Совершенно иначе, однако, чувствовали себя в это же время Миркин и те работники акцизного управления, что вновь приехали сейчас в Гексам. Особенно не в себе был Миркин, не подозревавший, что ему предстоит еще долго пребывать в таком состоянии. Он и не мог бы снова стать самим собой, поскольку уже не понимал, какое же его «я» — настоящее. Старший инспектор налоговой службы (из отдела по дополнительному налогообложению, специализирующийся по случаям уклонений от уплаты налогов), он снова лежал в больнице без каких-либо видимых повреждений, но внутренне совершенно искалеченный многочисленными последствиями полученного на болоте облучения волнами ультранизкой частоты. Его состояние приводило в полное замешательство врачей, которые никак не могли разобраться, о каком заболевании говорят симптомы этого пациента. С одного конца своего тела он постоянно мелко дрожал. С другого же конца столь же постоянно пребывал в прекрасном состоянии. Врачи никогда не сталкивались с чем-либо подобным. Причем только после того, как приехавший посмотреть столь необычного больного доктор Мэгрю посоветовал положить в гипс обе его ноги вместе, чтобы они перестали вибрировать, — только после этого Миркина удалось уложить в постель. Но и тут он продолжал то завывать, то взлаивать, а то вдруг начинал требовать, чтобы ему принесли должностную инструкцию или дополнительные документы на проверку.
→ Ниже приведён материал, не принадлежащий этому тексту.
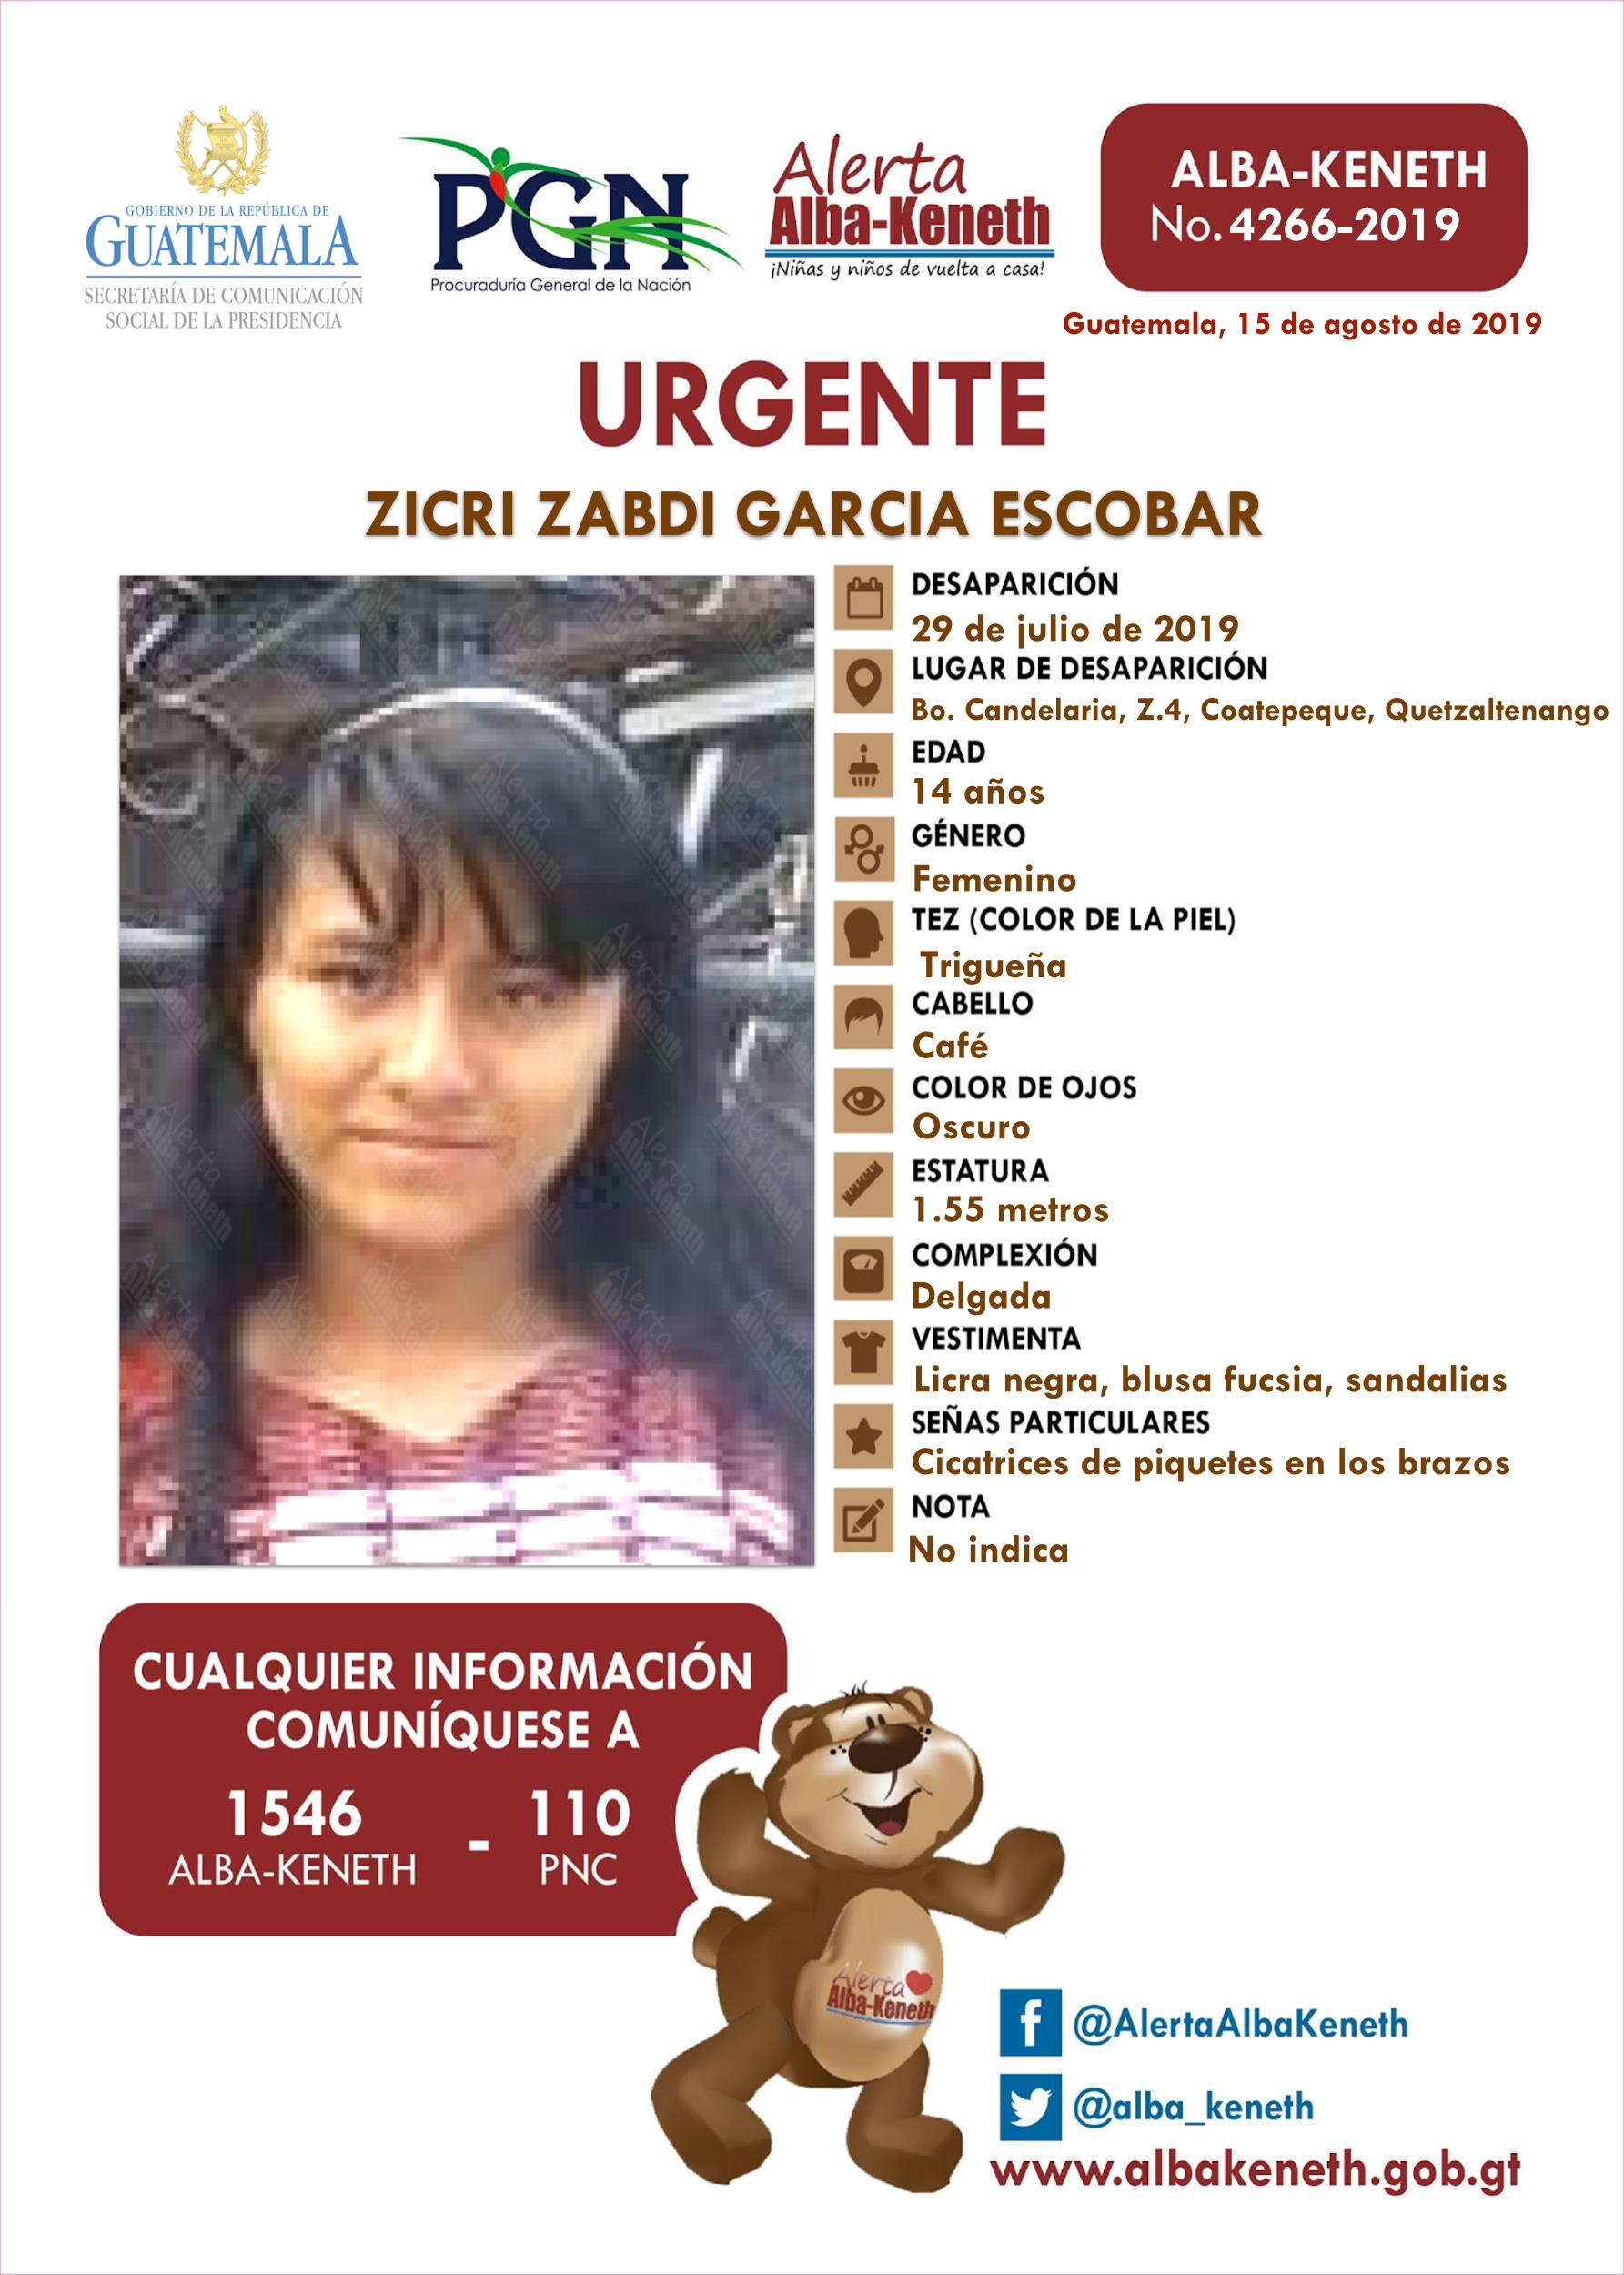 Zicri Zabdi Garcia Escobar

В конце концов ему просто заткнули рот кляпом, а голову обложили пузырями со льдом, добавив в них для тяжести свинца, чтобы голова не дергалась.
— Он определенно свихнулся, — бесплатно проконсультировал больного доктор Мэгрю, наблюдая, как старший инспектор дергается и подпрыгивает на кровати. — Лучше всего было бы поместить его в войлочную палату. Для него это было бы самое безопасное. И к тому же войлок заглушал бы шум.
— Да, желудок у него совершенно ничего не удерживает в себе, — согласился врач, пригласивший Мэгрю на консилиум, — и шум от него стоит очень неприятный.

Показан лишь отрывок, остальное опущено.